* [Supplied information]:
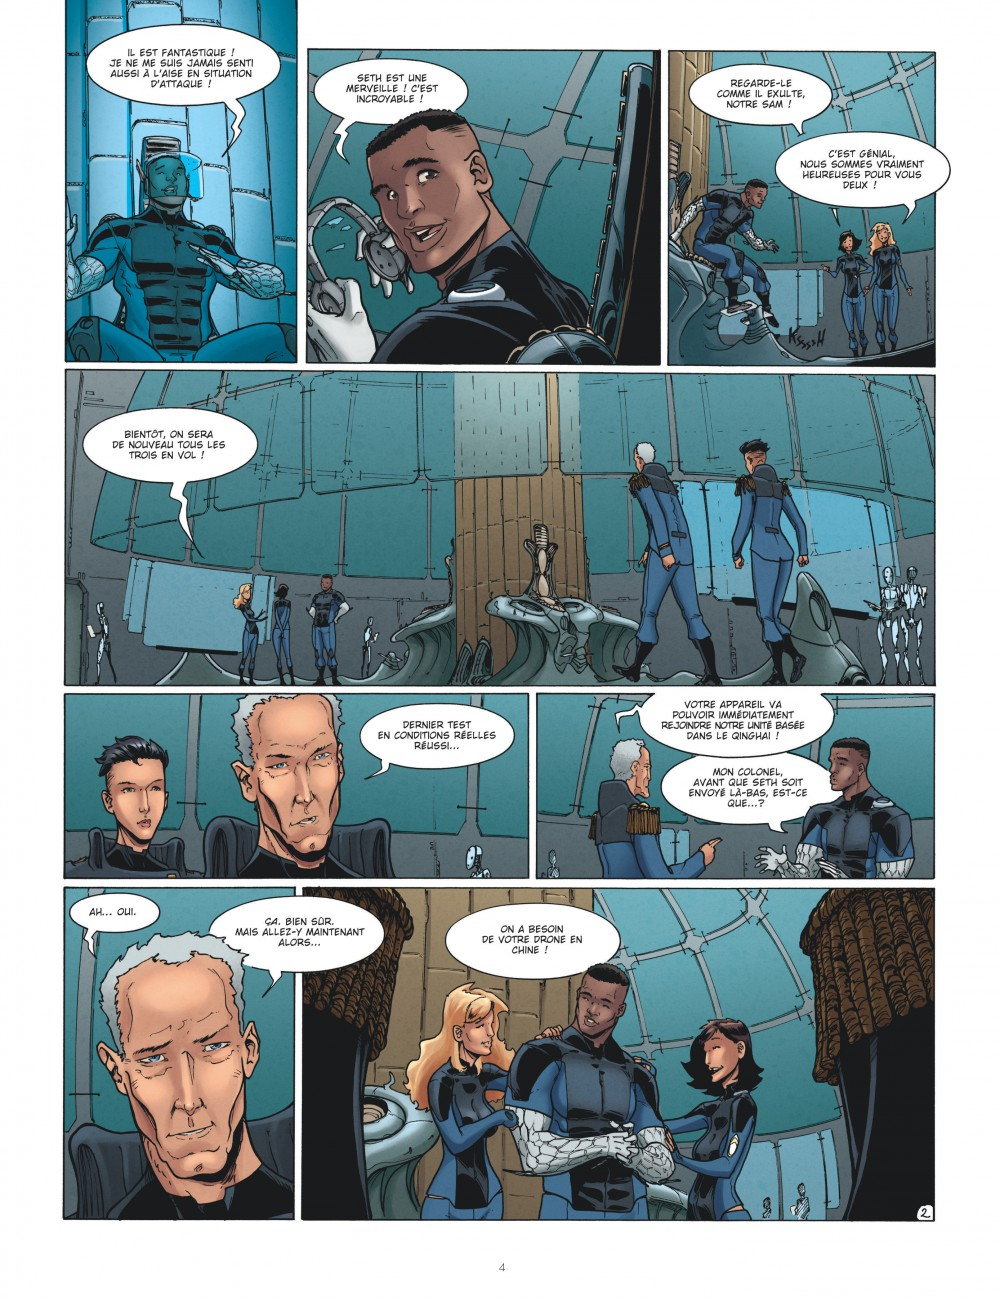 Drones #2, Post-Trauma, Sylvain Runberg, Louis, Le Lombard
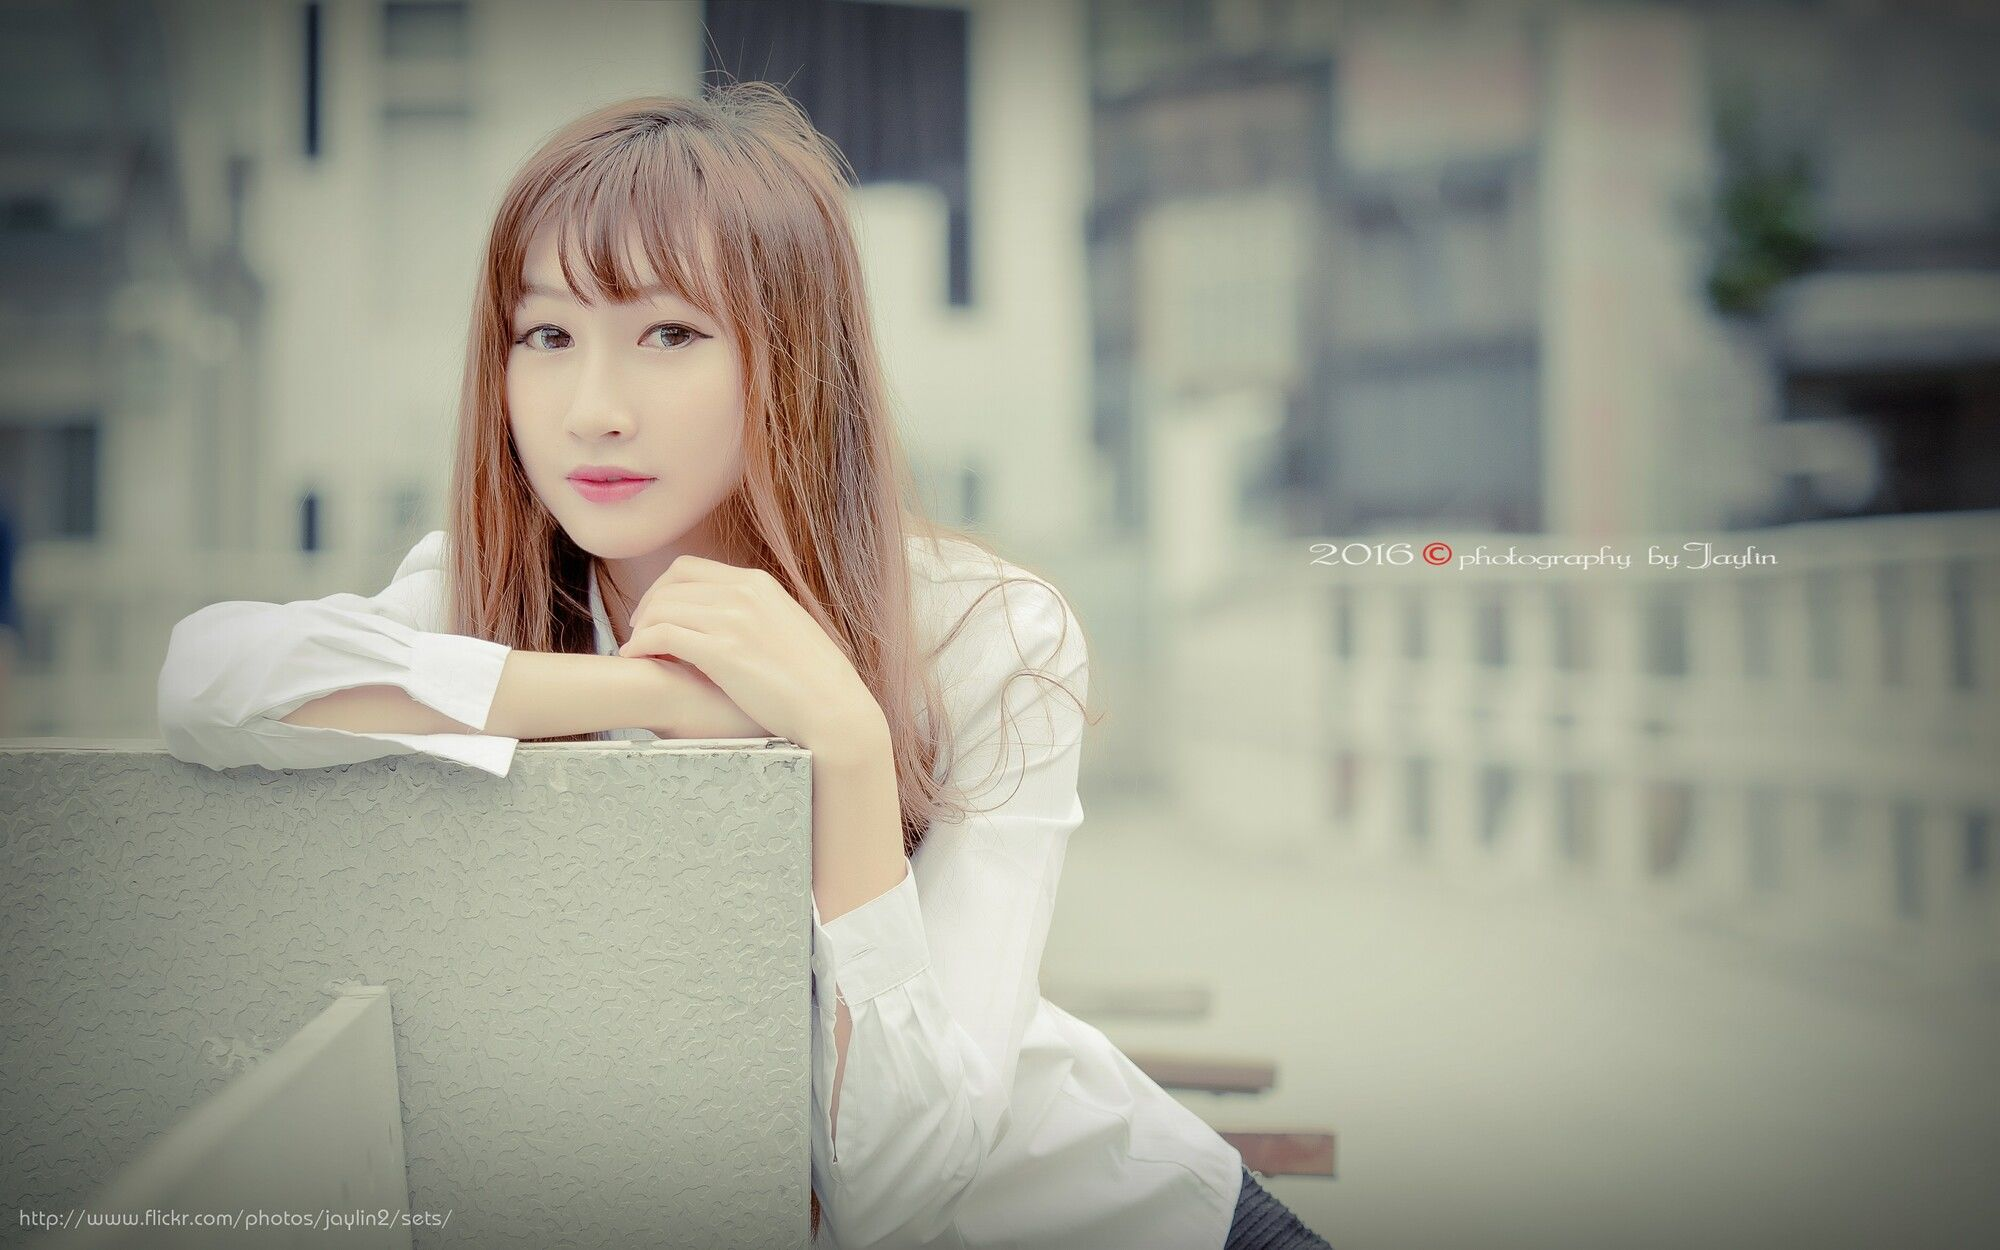 VOL.1563 [台湾正妹]街拍正妹:沈雅琪(沈琪琪Mibo)超高清个人性感漂亮大图(45P)
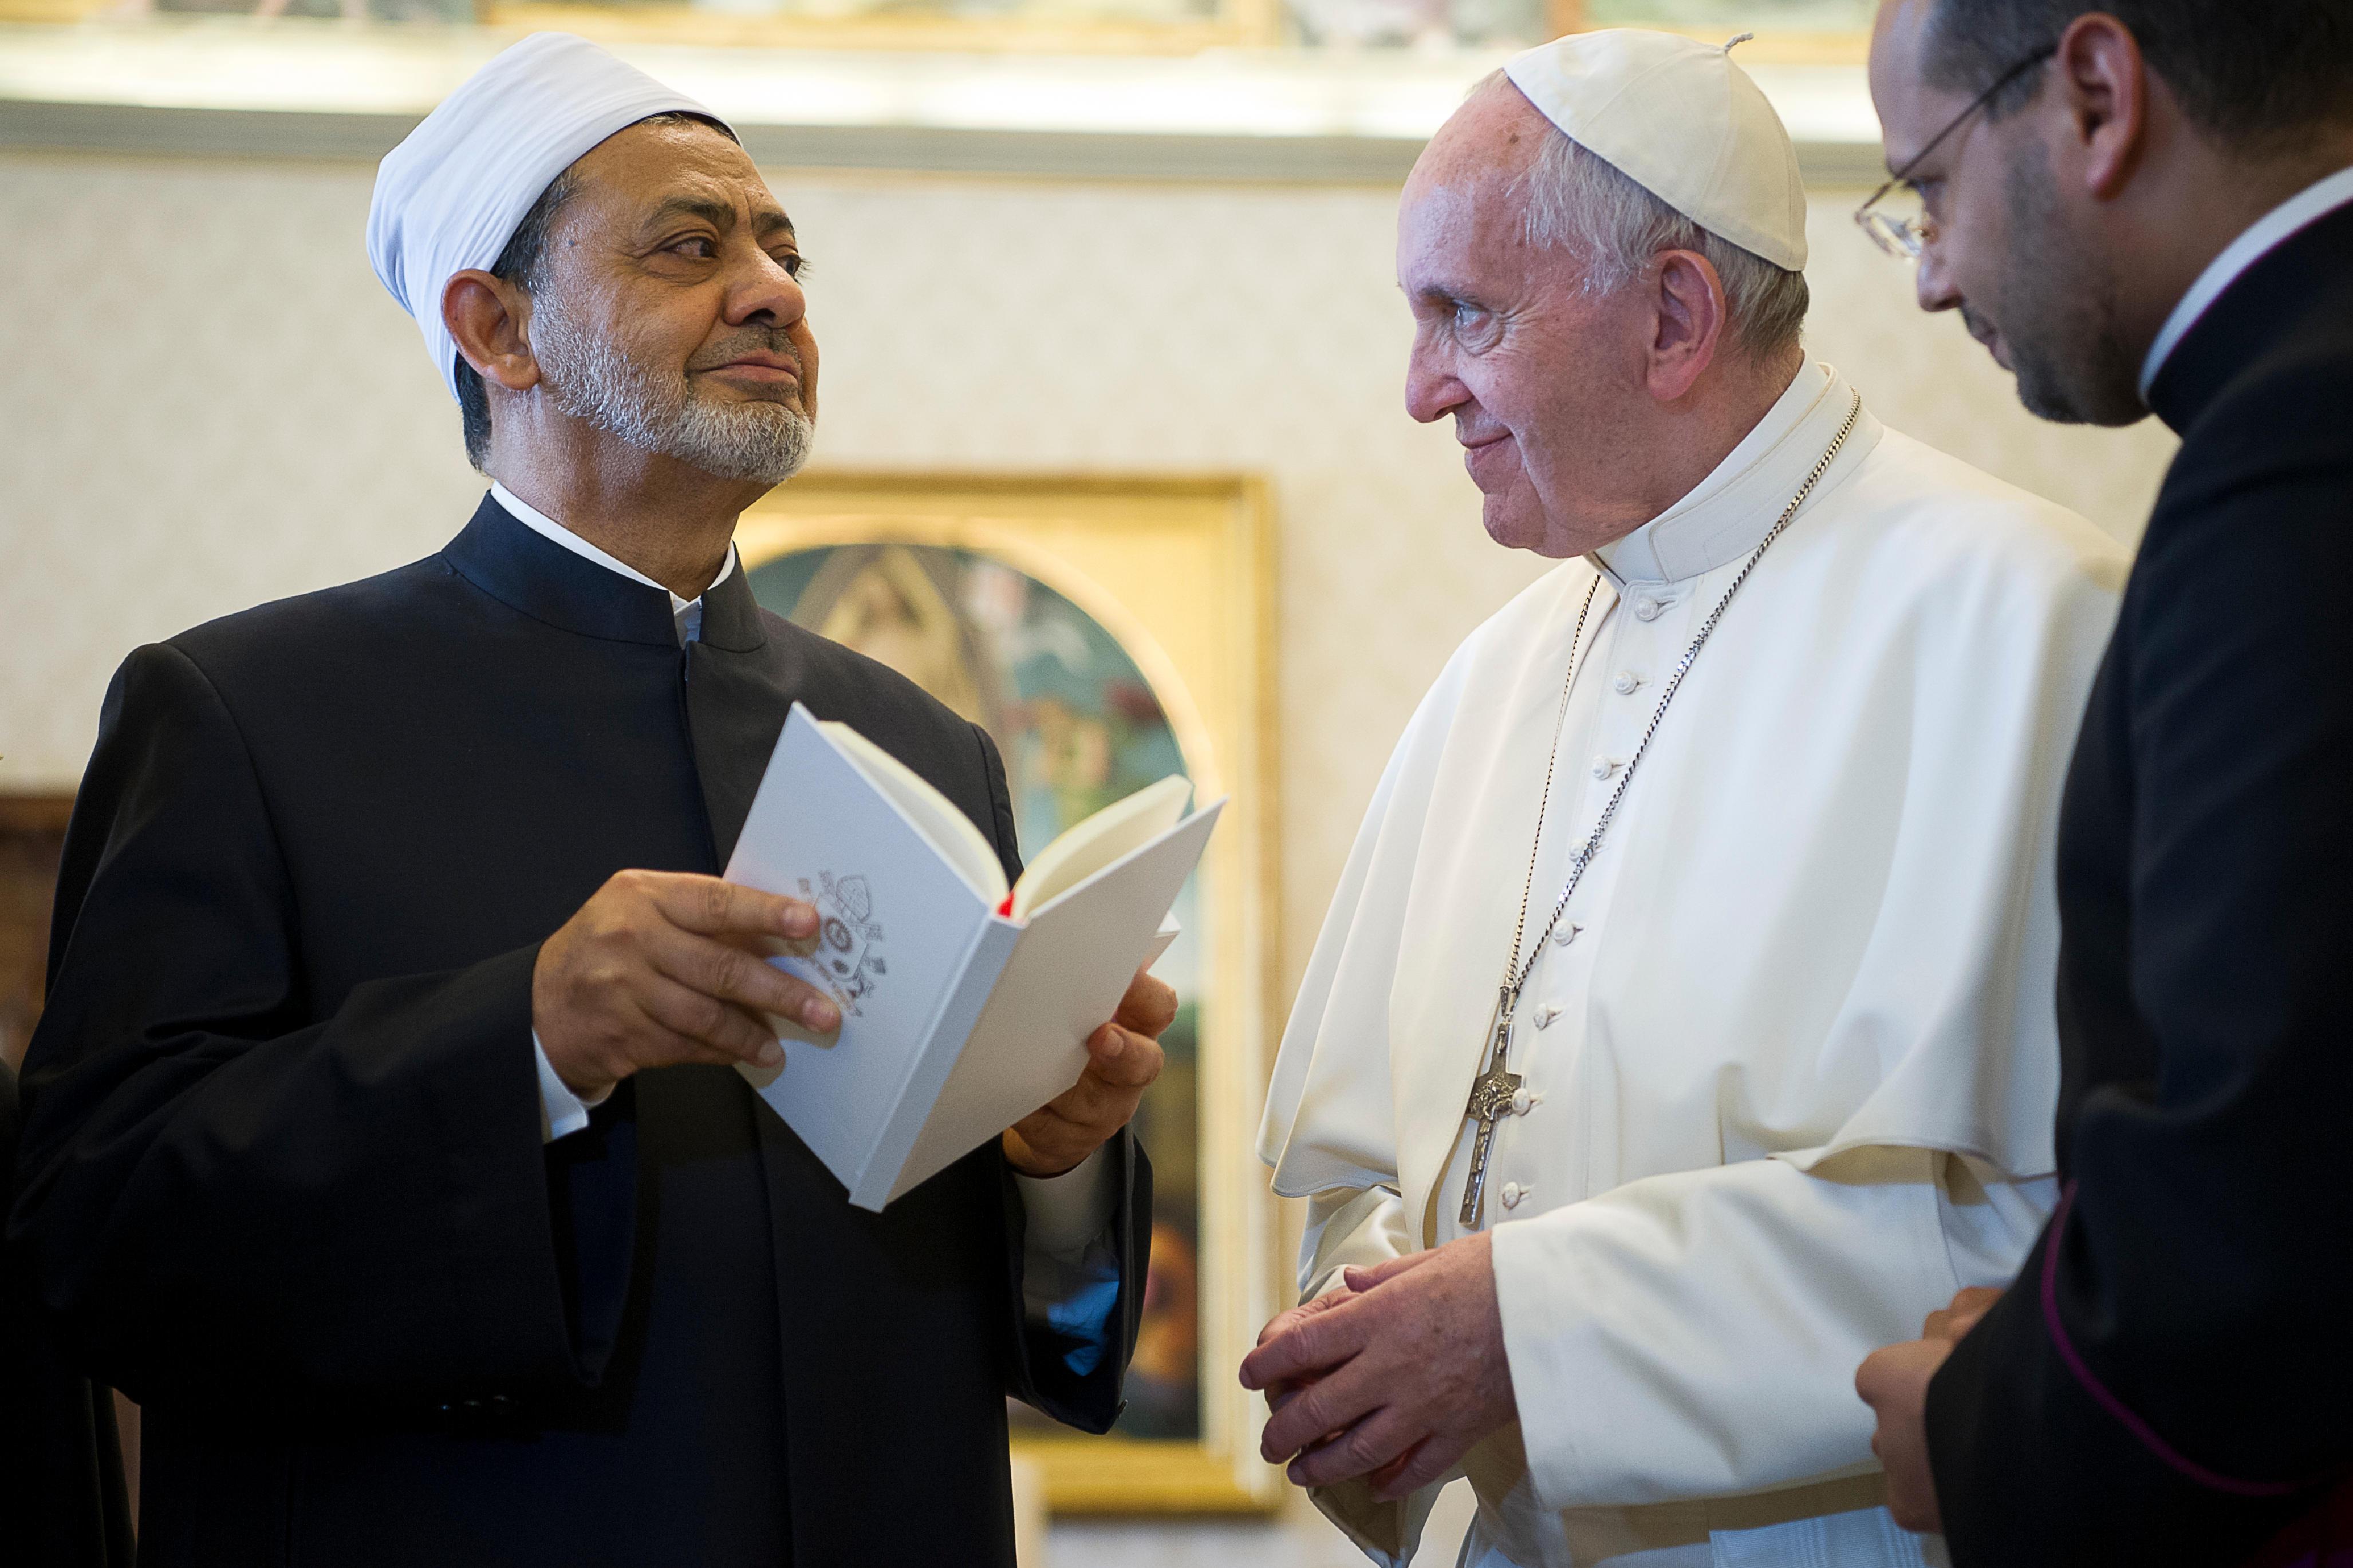 Le pape François offre Laudato si' au grand imam Ahmed el-Tayeb, L'Osservatore Romano

* [Exercise]: Return the listing verbatim; pictures are not part of the copy.

* [Written response]:
 Drones #2, Post-Trauma, Sylvain Runberg, Louis, Le Lombard
 VOL.1563 [台湾正妹]街拍正妹:沈雅琪(沈琪琪Mibo)超高清个人性感漂亮大图(45P)
 Le pape François offre Laudato si' au grand imam Ahmed el-Tayeb, L'Osservatore Romano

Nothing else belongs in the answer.